In comparison to this, a reverse osmosis requires exclusively electrical energy (approx. 2.5 - 3.5 KWh / m) In a direct comparison of the purely electrically operated desalination plants, the energy generation for thermal desalination plants must be built about 3x larger than for reverse osmosis systems be built.
For MED / MSF plants, a two-track power generation must be established.

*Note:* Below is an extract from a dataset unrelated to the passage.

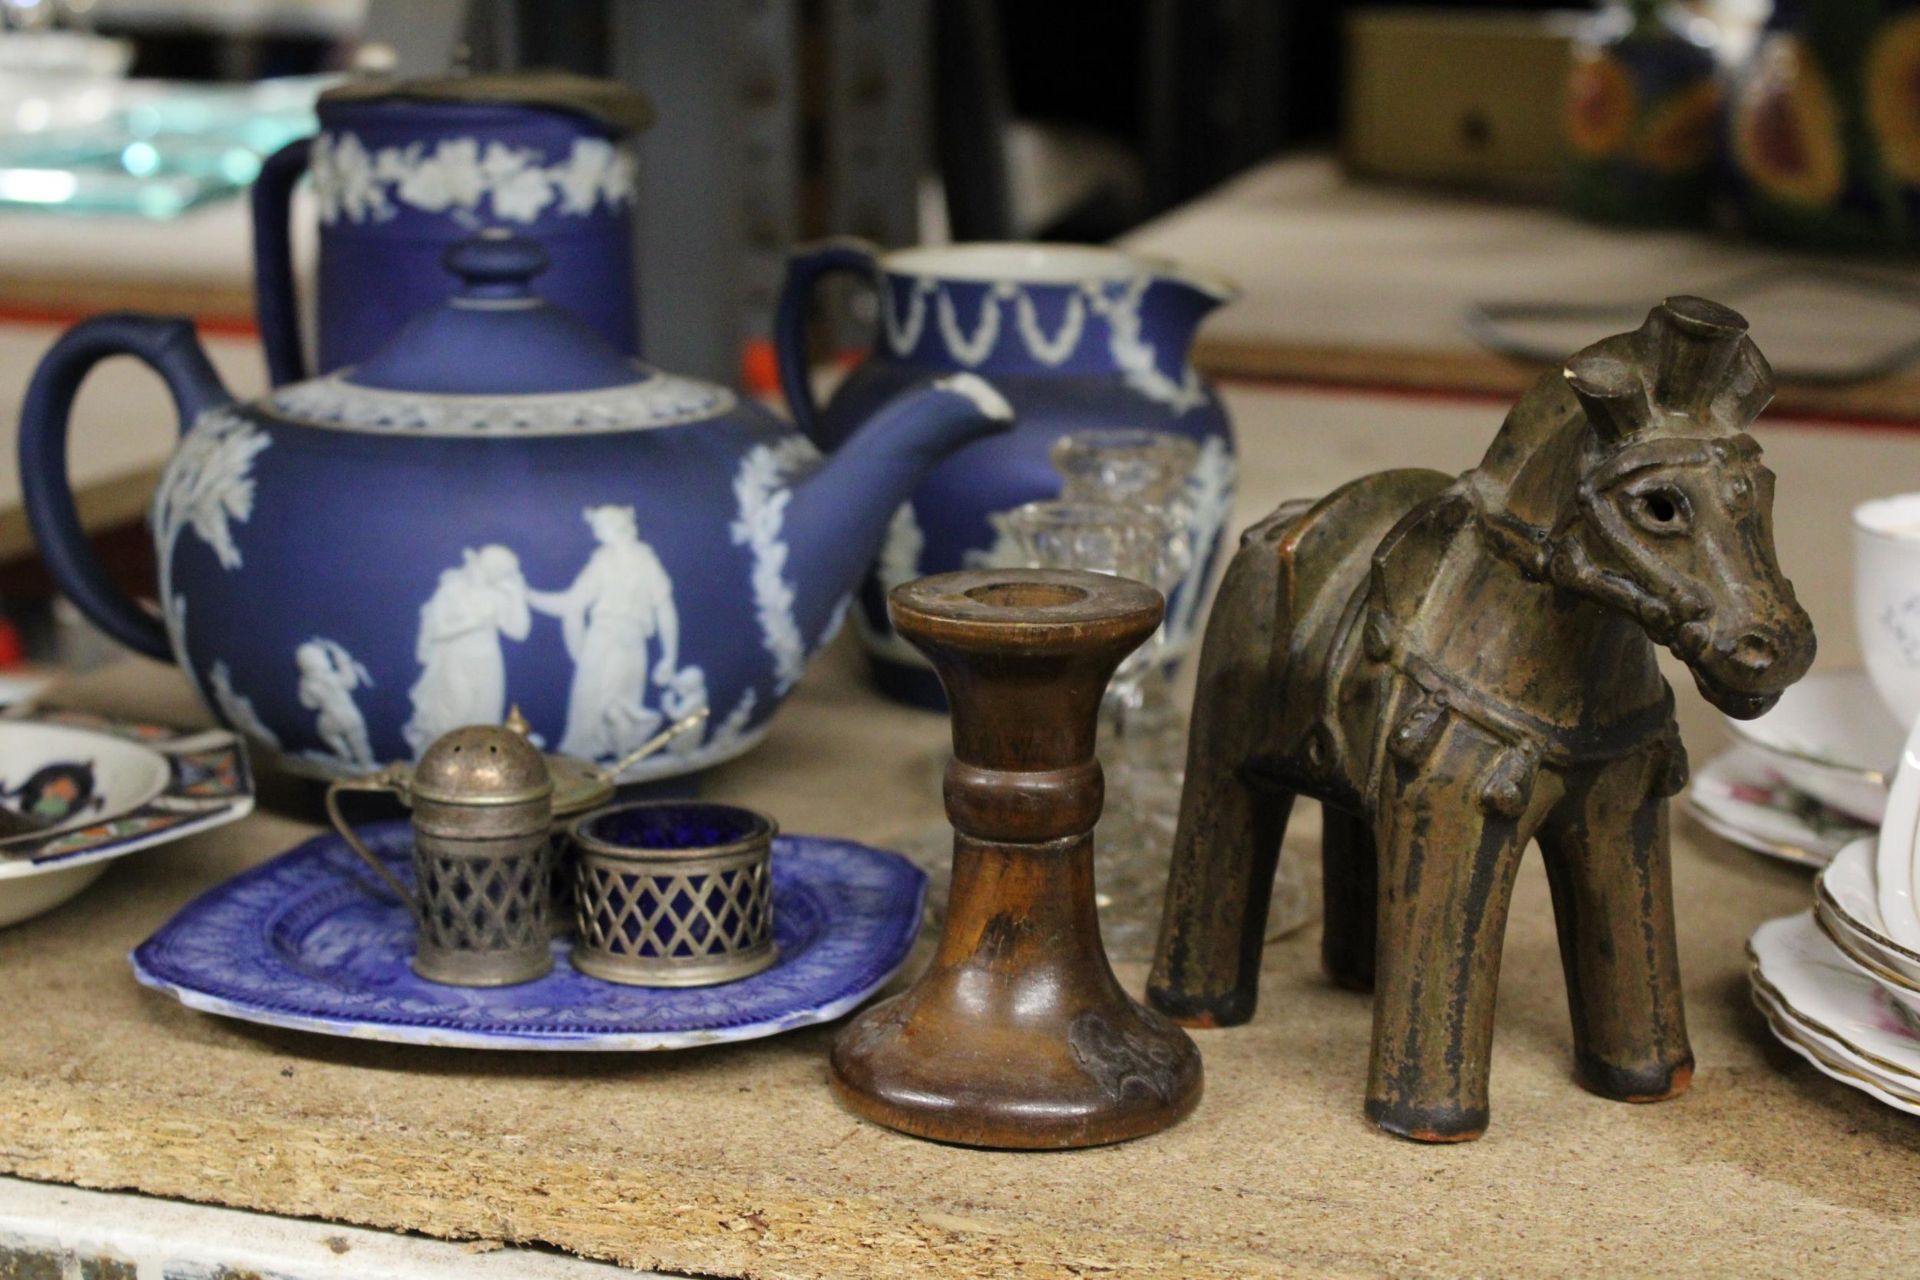 THREE PIECES OF DARK BLUE WEDGWOOD JASPERWARE TO INCLUDE A TEAPOT, PEWTER LIDDED JUG AND MILK JUG, - Image 3 of 6

On the one hand the electricity power must be used in the same scale of magnitude as for the reverse osmosis processes, on the other hand, must be installed a solar thermal power plant for steam production. Thus, the cost are minimized of seawater desalination and energy generation in the case of use of reverse osmosis procedure.
2. Process setup
The complete seawater desalination plant is modularly divided into several small units. This offer has the great advantage that maintenance has no influence on drinking water production.The seawater is taken directly from the sea. For this purpose, a removal structure with corresponding coarse filtering sunk directly in the sea, so a removal in about 25 m depth. This has the advantage that the water quality through shipping, tides and storms on the collection site is not affected. Furthermore, no impairment is caused by this depth algae can be expected.
The sea water is extracted from the extraction plant via a PE pipeline to the extraction pumps at the coast. From the frequency-controlled extraction pumps, the water should be pumped over two step multilayer filter. In the multilayer filters, the water is separated from the finest suspended matter and is free from impurities.
The pre-filtered water is metered Sulfuric acid and anti scalant to prevent efflorescence on the membrane. After that it take place a final safety filtration via candle filters before the sea water in the reverse osmosis system to split into a low salt permeate and a salt rich concentrate.
The saline-rich concentrate is further processed in saline to salt. The non-usable concentrate is sent to the sea in an environmentally friendly manner back.
The low-salt permeate must be cured before use as drinking water. To this end, lime milk and chlorine are added to the permeate. This means that the water meets the requirements of WHO for drinking water and is protected against re-germination during transportation on the approximately 100 km pipeline.
3. Technical description of the whole concept
Together with the representatives of the municipality of Lompoul, the location for the new plant was determined. 160,000 m3 of drinking water per day will be produced at this site.The drinking water is directed to Dakar by a new pipeline consisting of 2 parallel pipes DN 1,200, close to the coast. This increases the security of supply and facilitates the rehabilitation of the existing old pipeline at a later date. The total length of the pipeline including the connections to the stock is about 100 km. Due to the generous dimensioning of the pipeline, intermediate pumping stations are not required.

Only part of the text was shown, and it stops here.